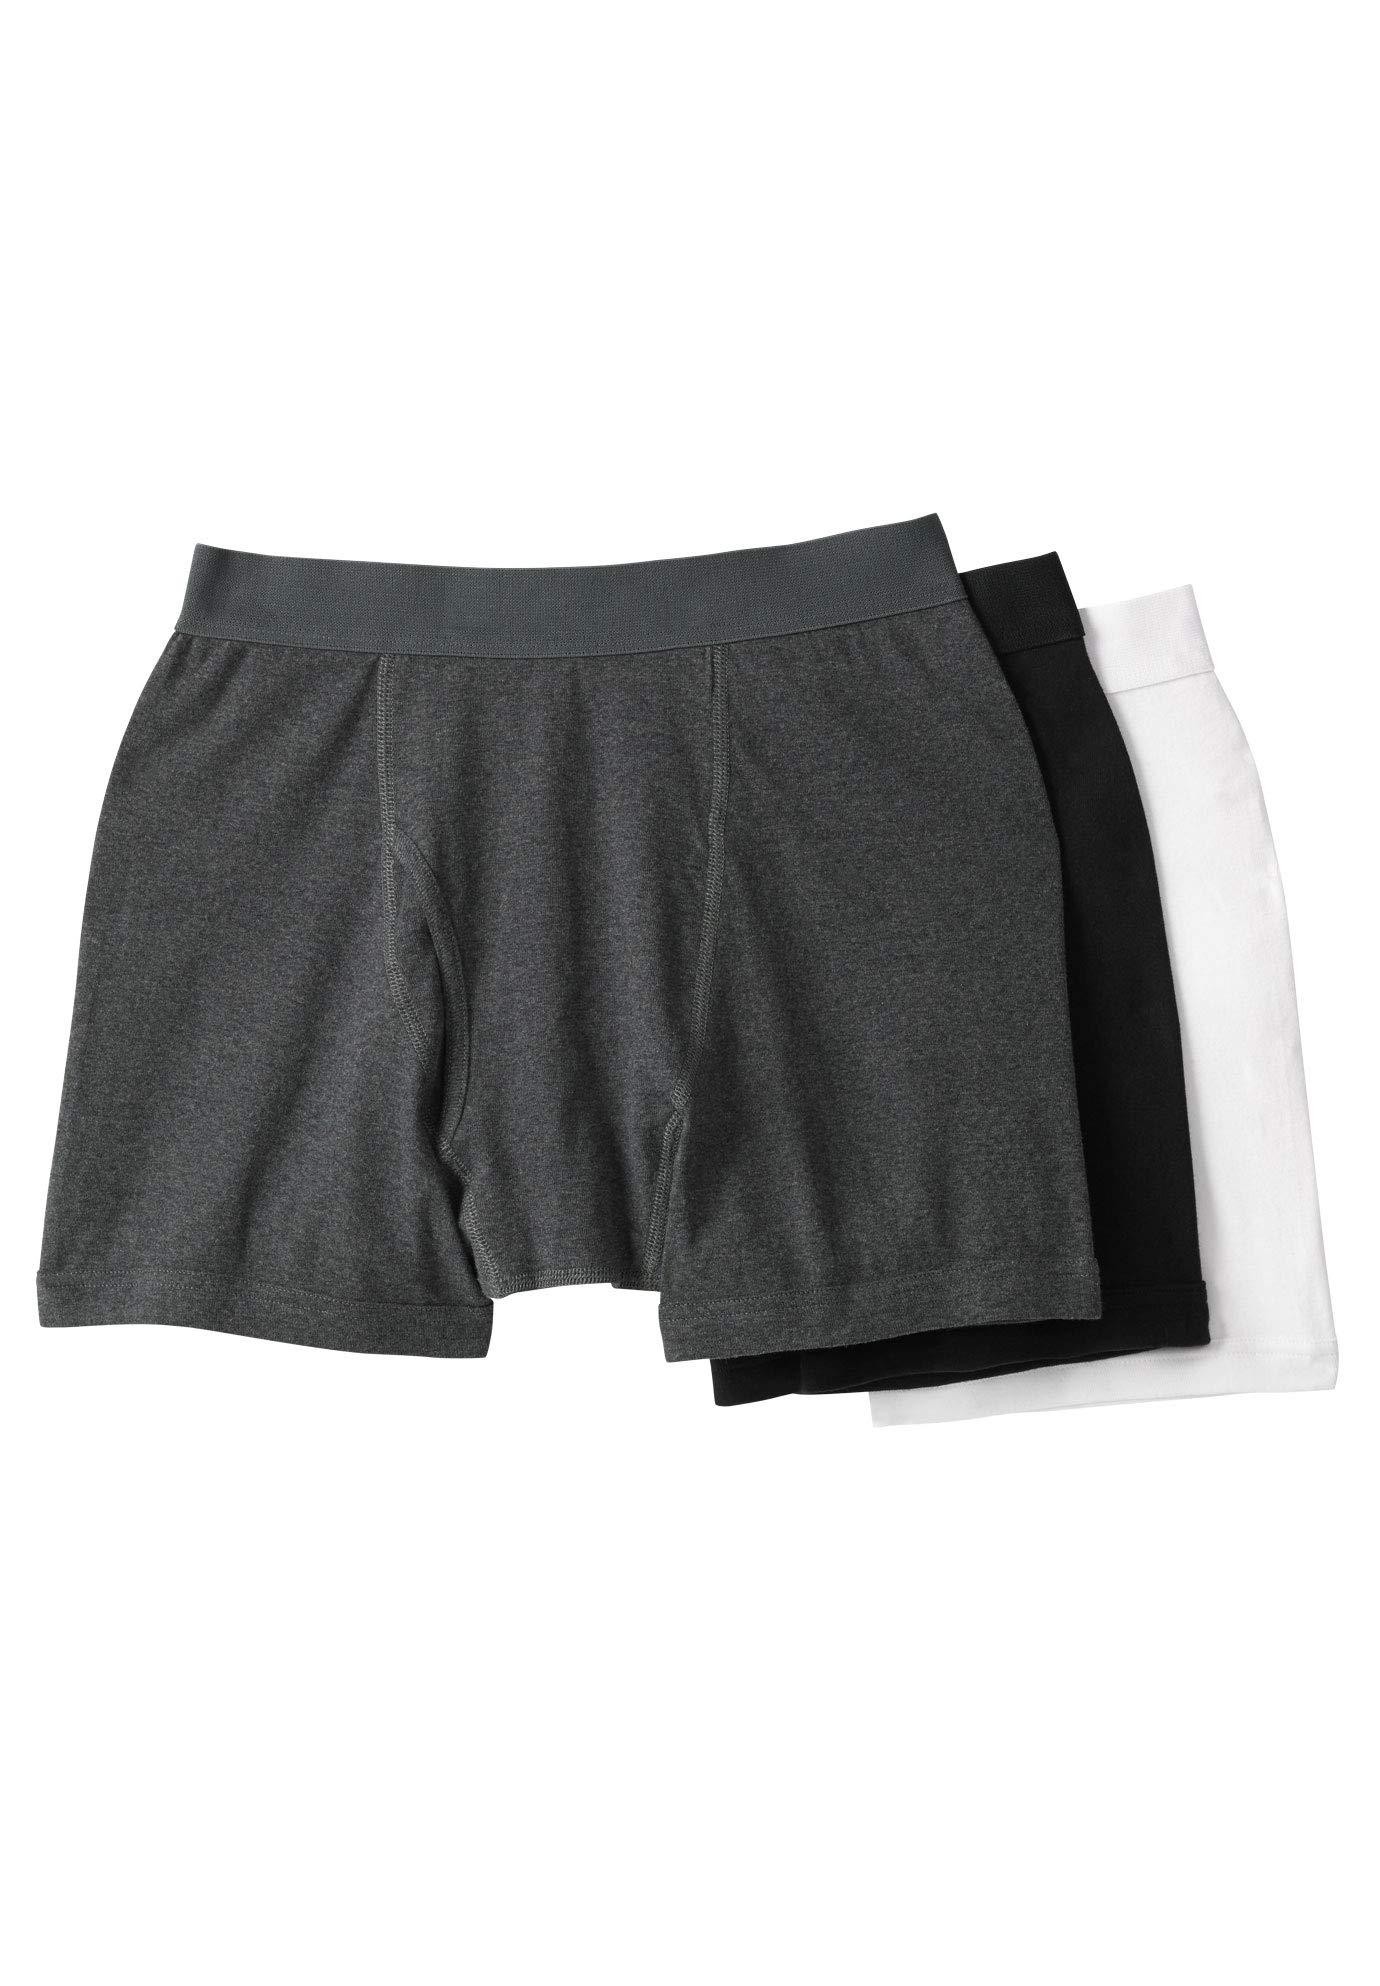 KingSize Men's Big & Tall Cotton Boxer Briefs 3-Pack, Assorted Basic Big-6XL
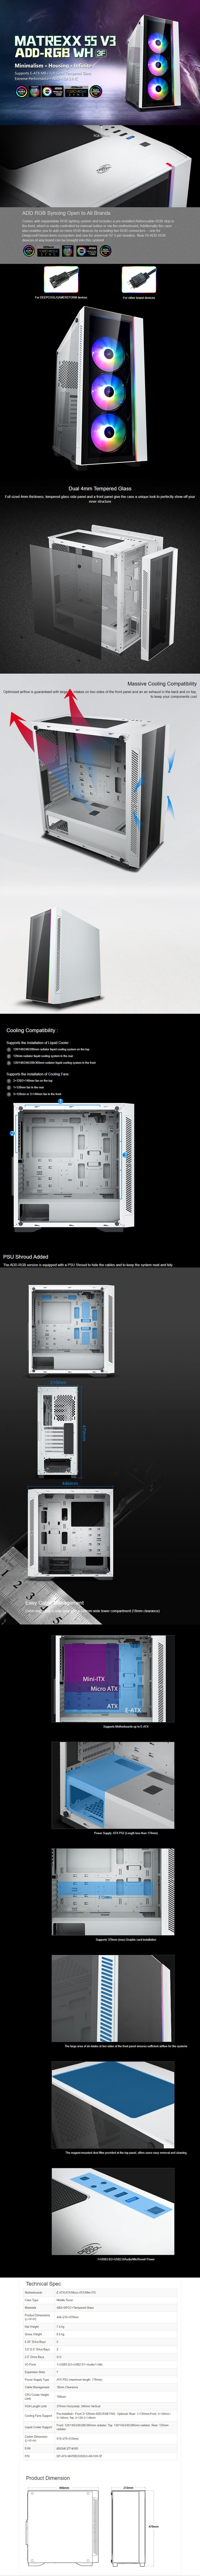 Deepcool Matrexx 55 V3 ADD-RGB 3F Mid-Tower E-ATX Case - White  - Overview 1
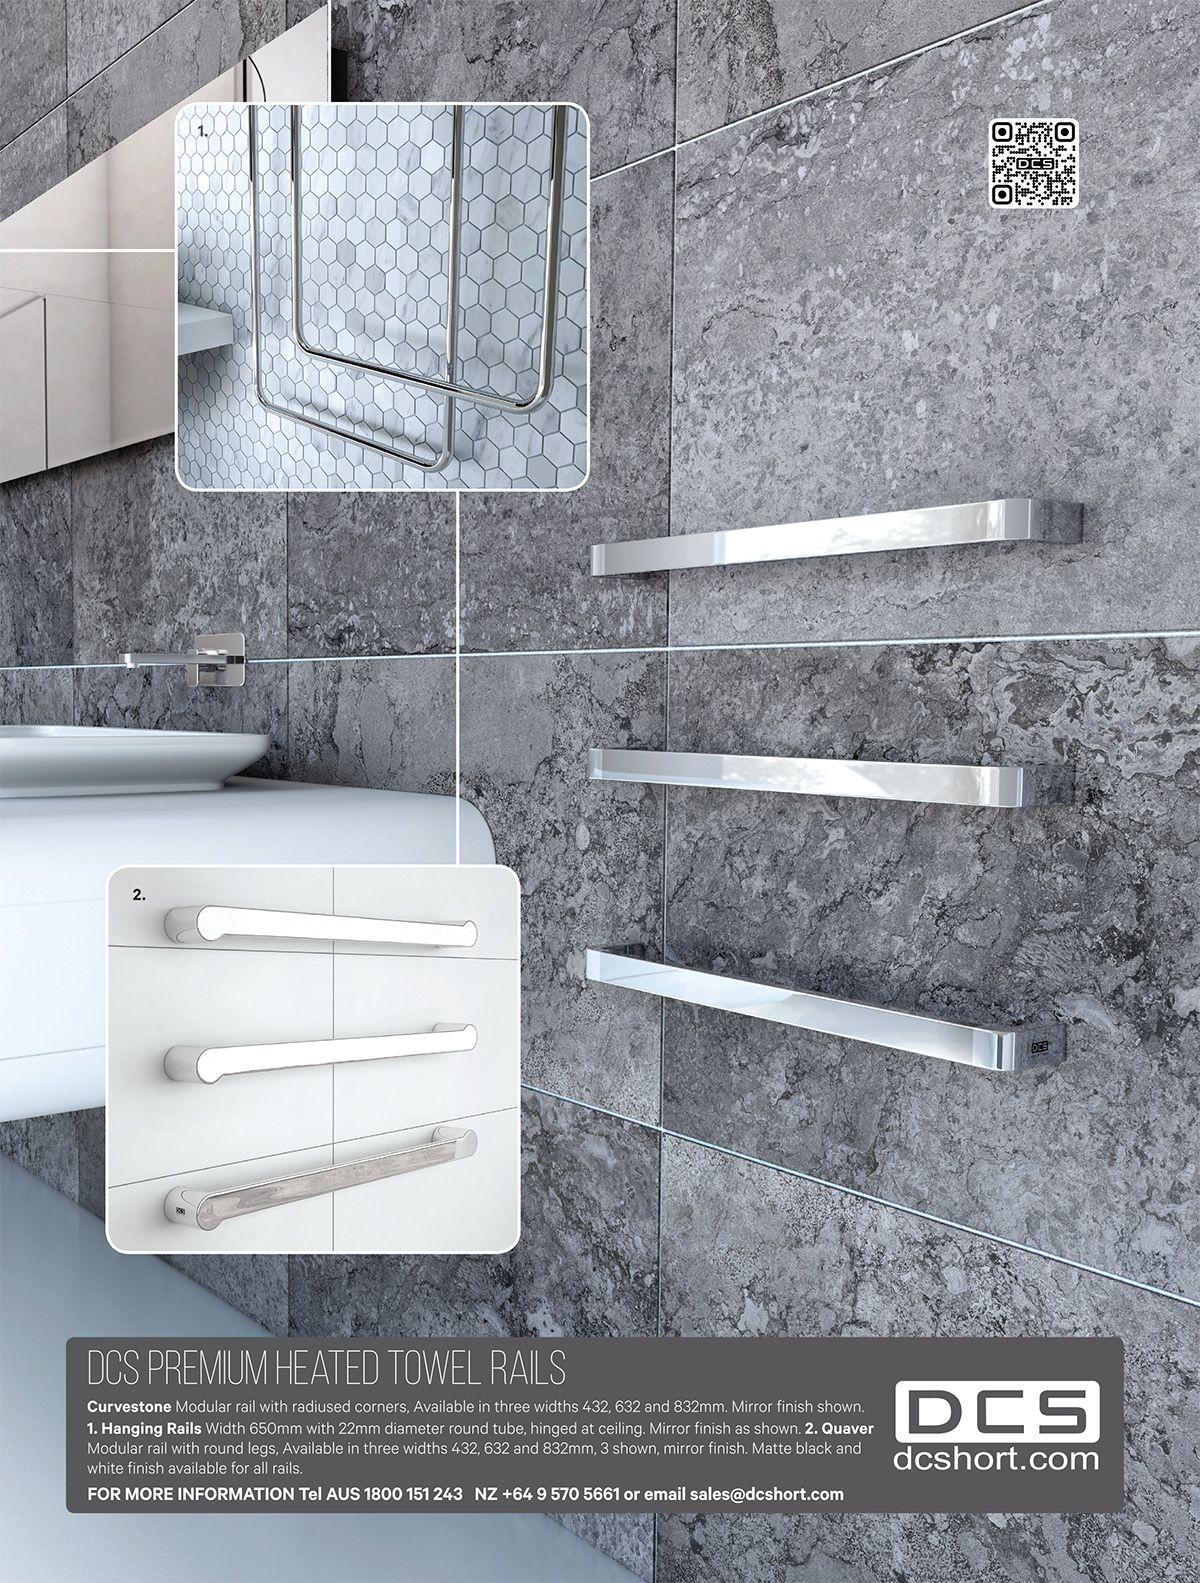 Trends 2015 - DCS Heated Towel Rails
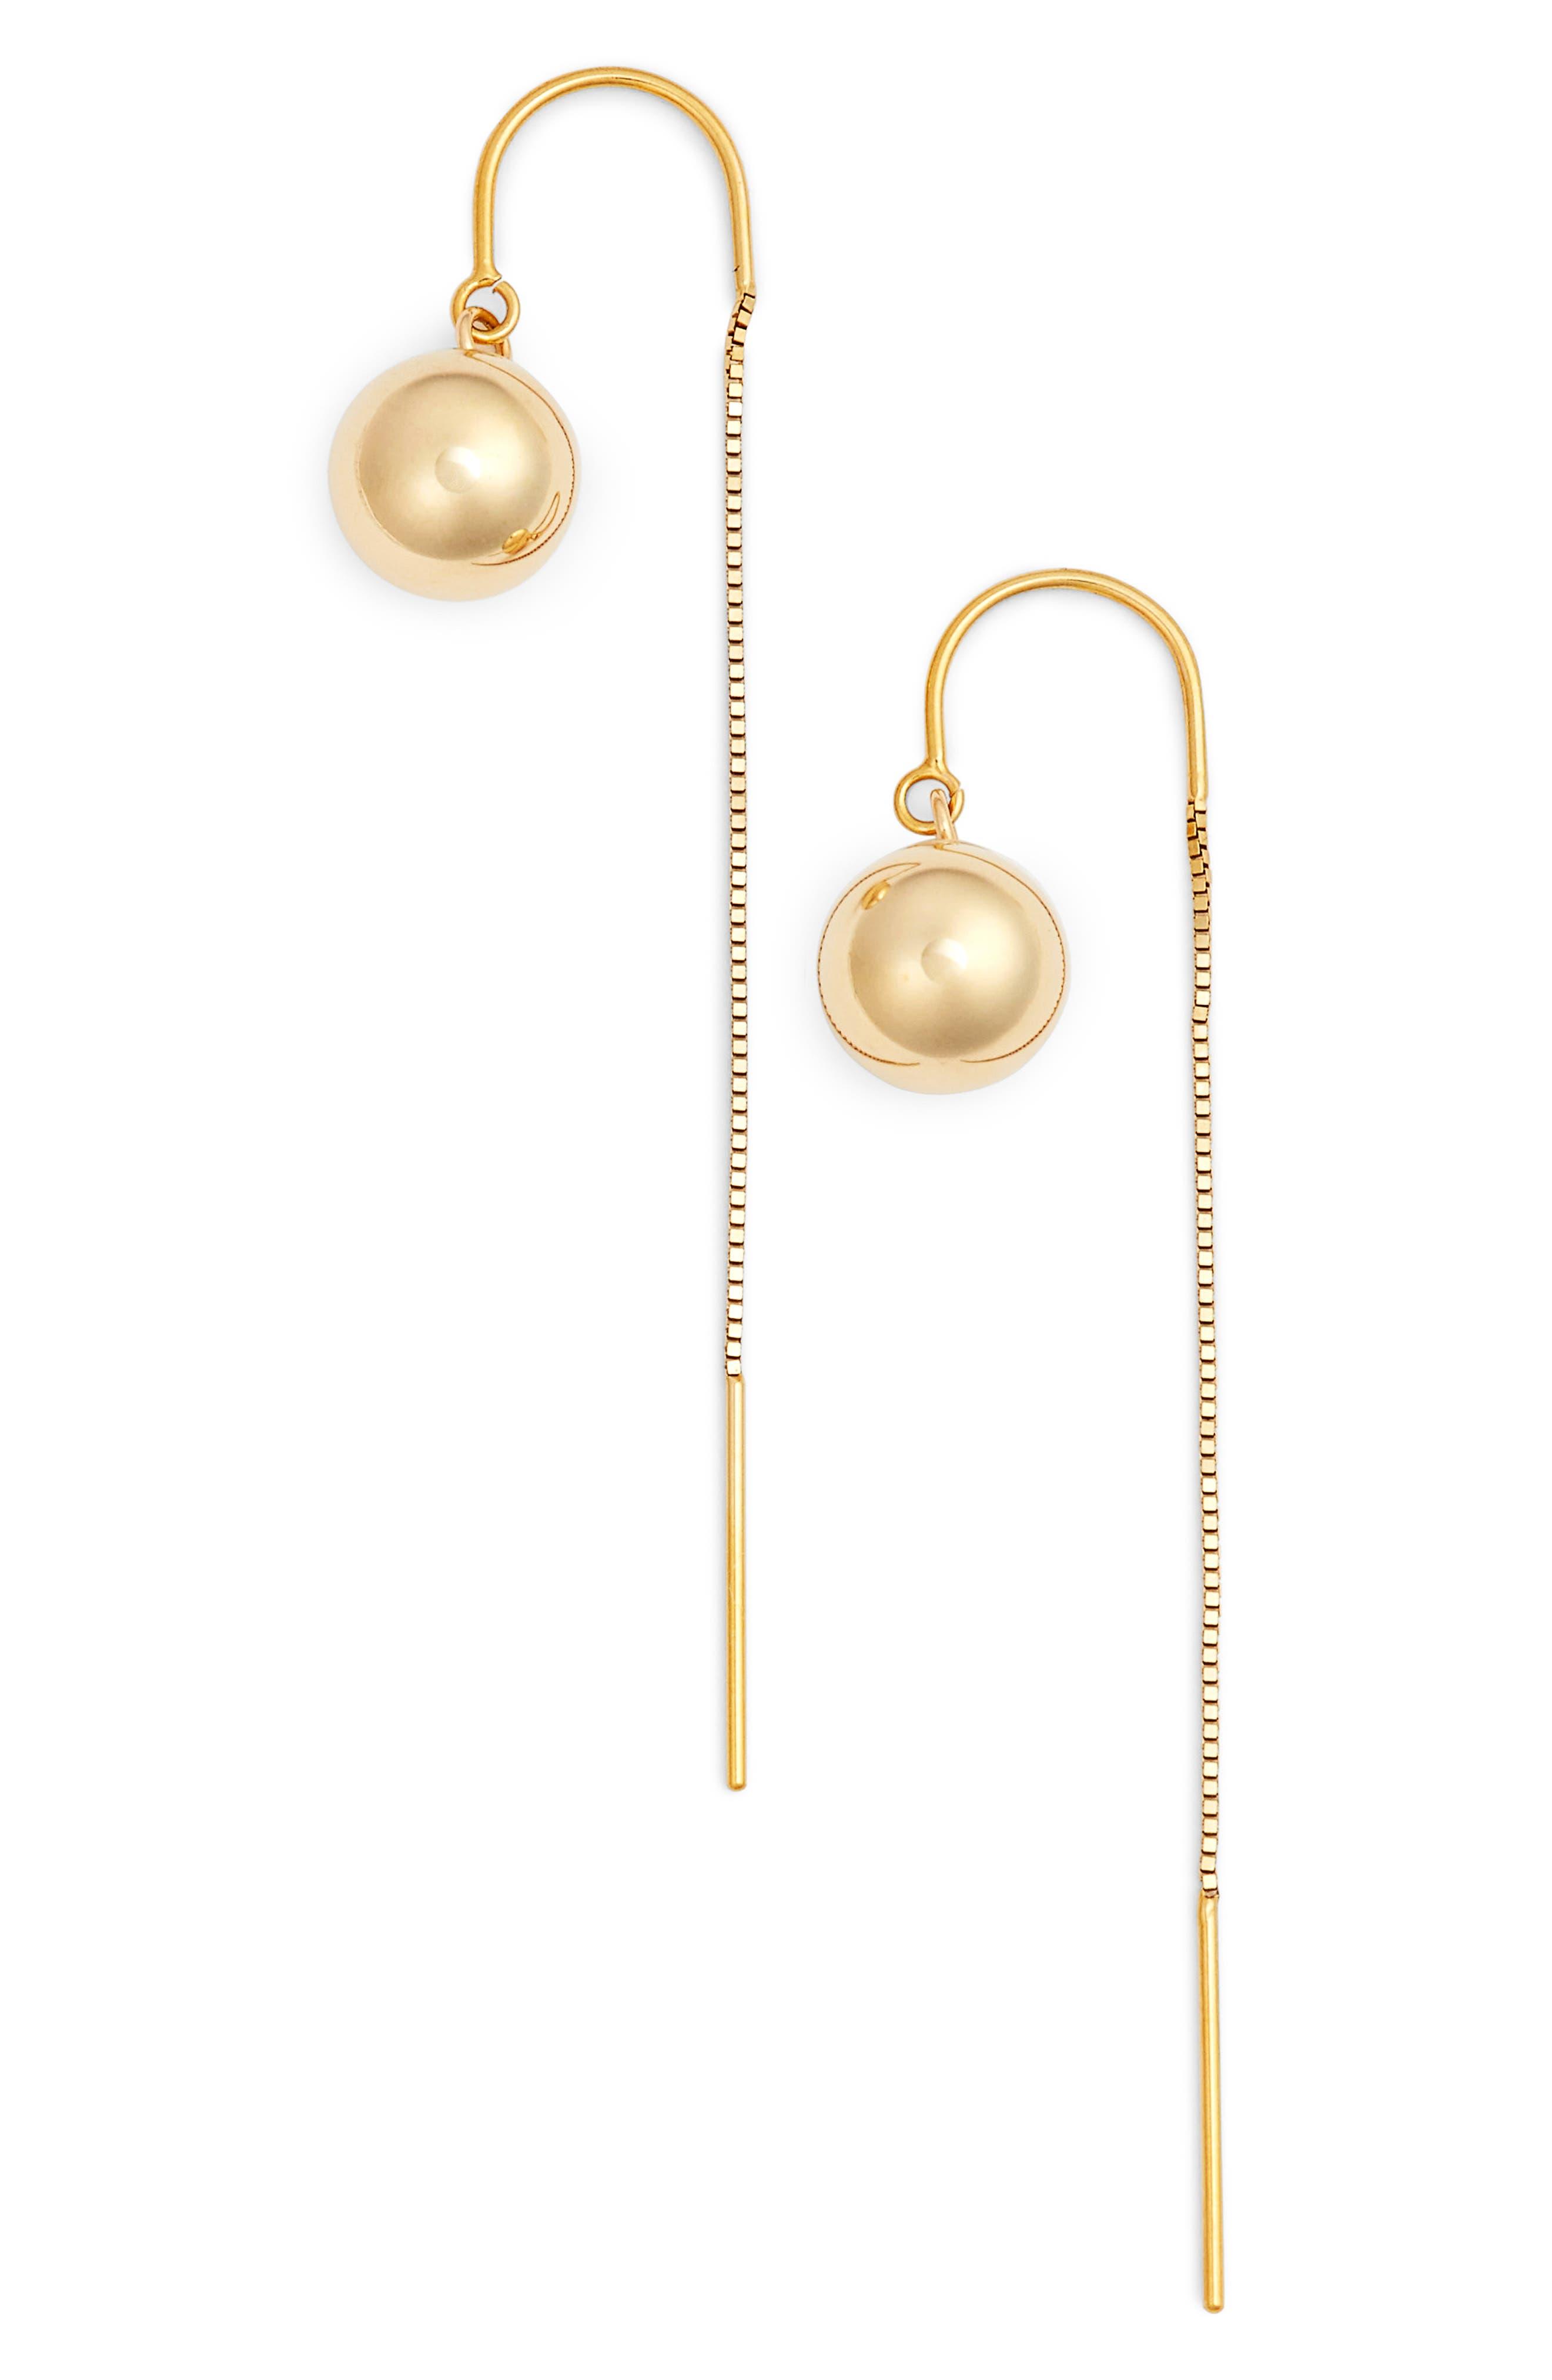 Gold Ball Threader Earrings,                             Main thumbnail 1, color,                             710
#####
## YOUR TASK
Leave out the images and copy all remaining data word for word.

## ANSWER BOX
 KingSize Men's Big & Tall Cotton Boxer Briefs 3-Pack, Assorted Basic Big-6XL
 Deepcool Matrexx 55 V3 ADD-RGB 3F Mid-Tower E-ATX Case - White  - Overview 1
 Trends 2015 - DCS Heated Towel Rails
 Gold Ball Threader Earrings,                             Main thumbnail 1, color,                             710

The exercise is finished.